The first repository is a shared Nvidia repository with anonymous downloads that we use to share the library internally in NVIDIA. The second one is a repository that was created to allow publishing the library externally through [Kitmaker](https://kitmaker.gitlab-master-pages.nvidia.com/kitmaker-docs/users/wheels/release.html). It does not currently support anonymous downloads, so we upload the library to both.

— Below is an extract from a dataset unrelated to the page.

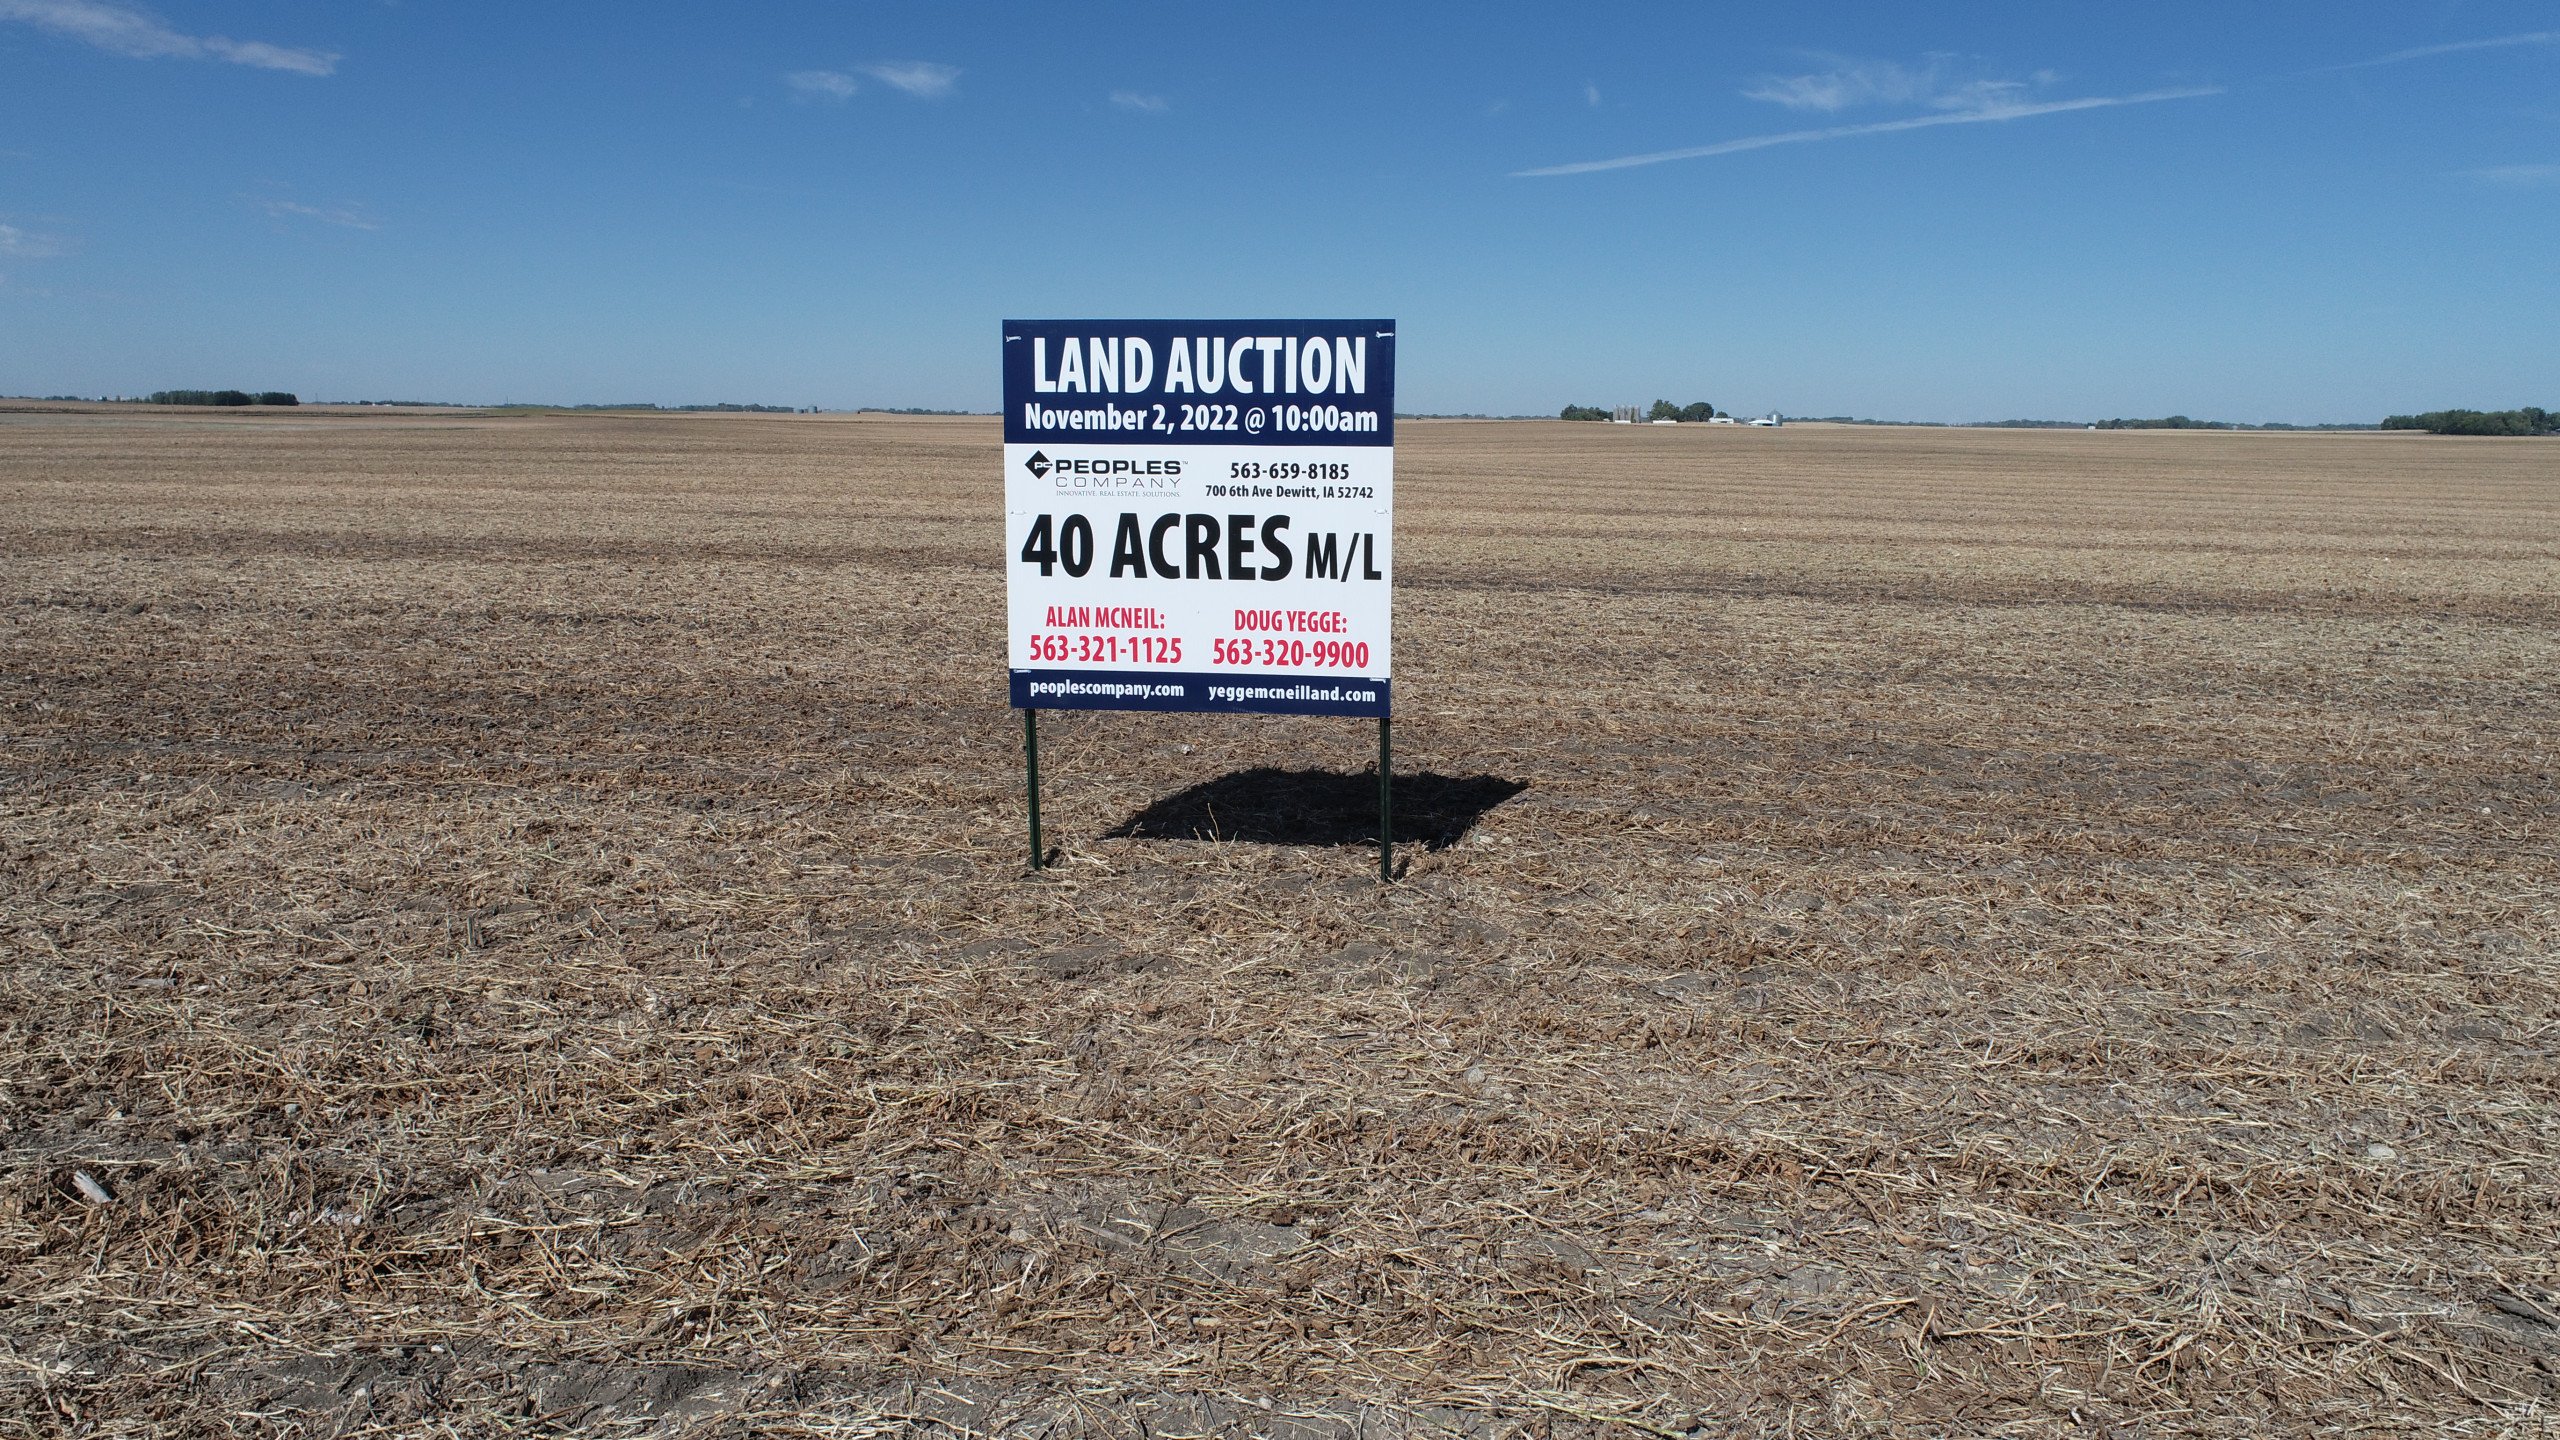 auctions-land-palo-alto-county-iowa-40-acres-listing-number-16454-DJI_0491-1.jpg
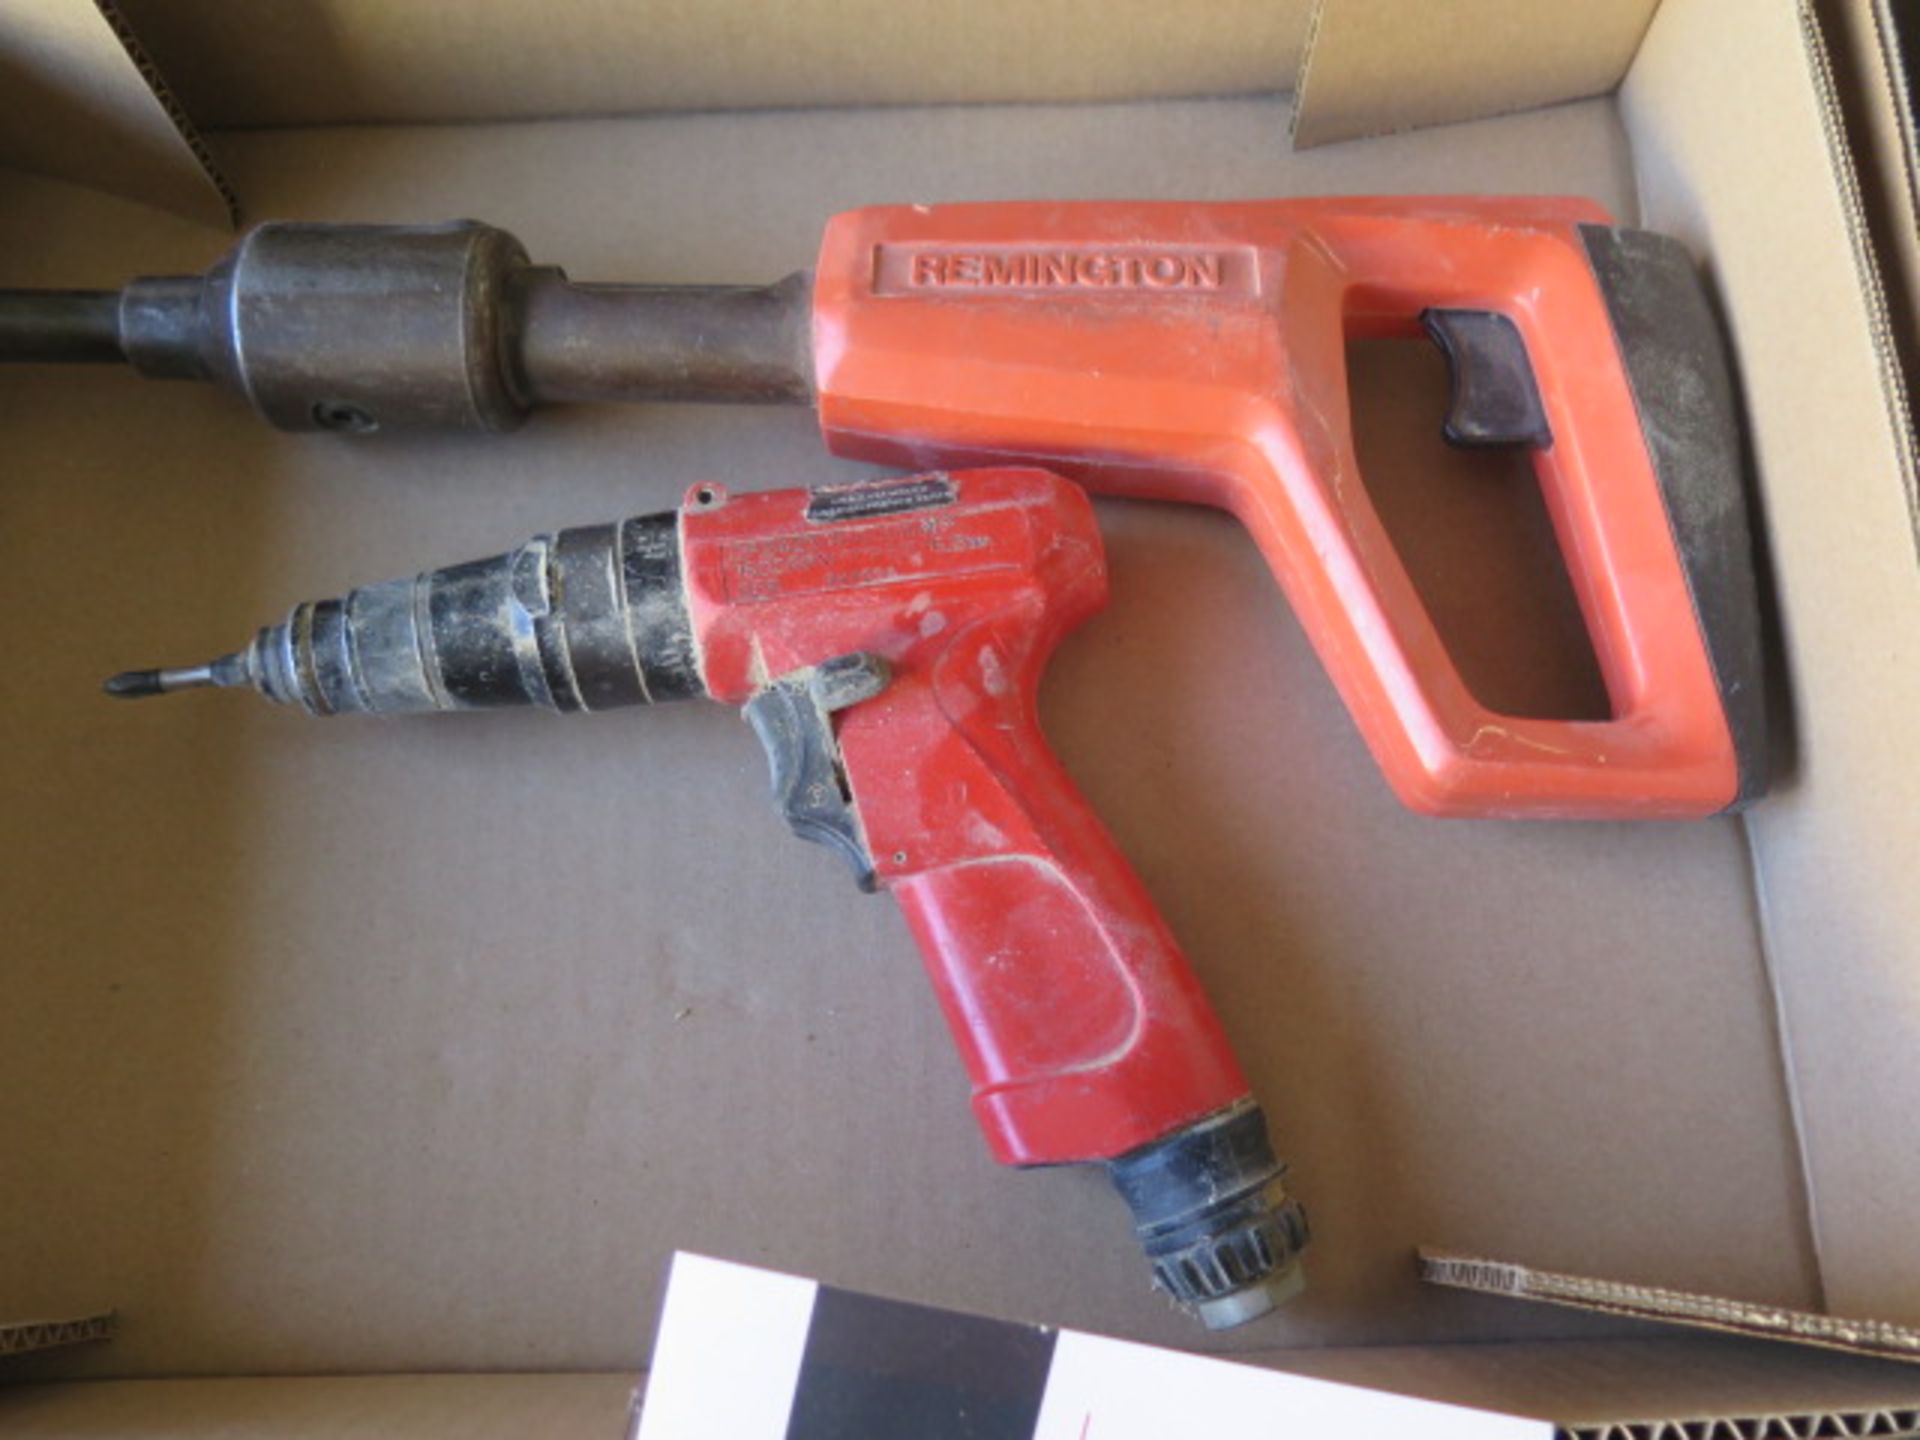 Remington Powder Shot Tool and Chicago Pneumatic Nut Driver (SOLD AS-IS - NO WARRANTY) - Image 4 of 4

To store your credentials:

```bash
poetry config http-basic.nv-shared <username> <password>
```

```bash
poetry config http-basic.sw-aidot-heimdall <username> <password>
```

The username is the LDAP username (not the email) and the password is either the Artifactory encrypted password or an identity token, as explained in the [instructions](https://confluence.nvidia.com/pages/viewpage.action?pageId=161553571).

Build:

```bash
poetry build --clean
```

and upload with:

```
poetry publish --repository nv-shared 
```

```
poetry publish --repository sw-aidot-heimdall 
```

Once a release has been uploaded, it cannot be changed, or deleted, so be careful. Increment the version number in [pyproject.toml](./pyproject.toml) and in [version.py](./training_telemetry/version.py) after uploading.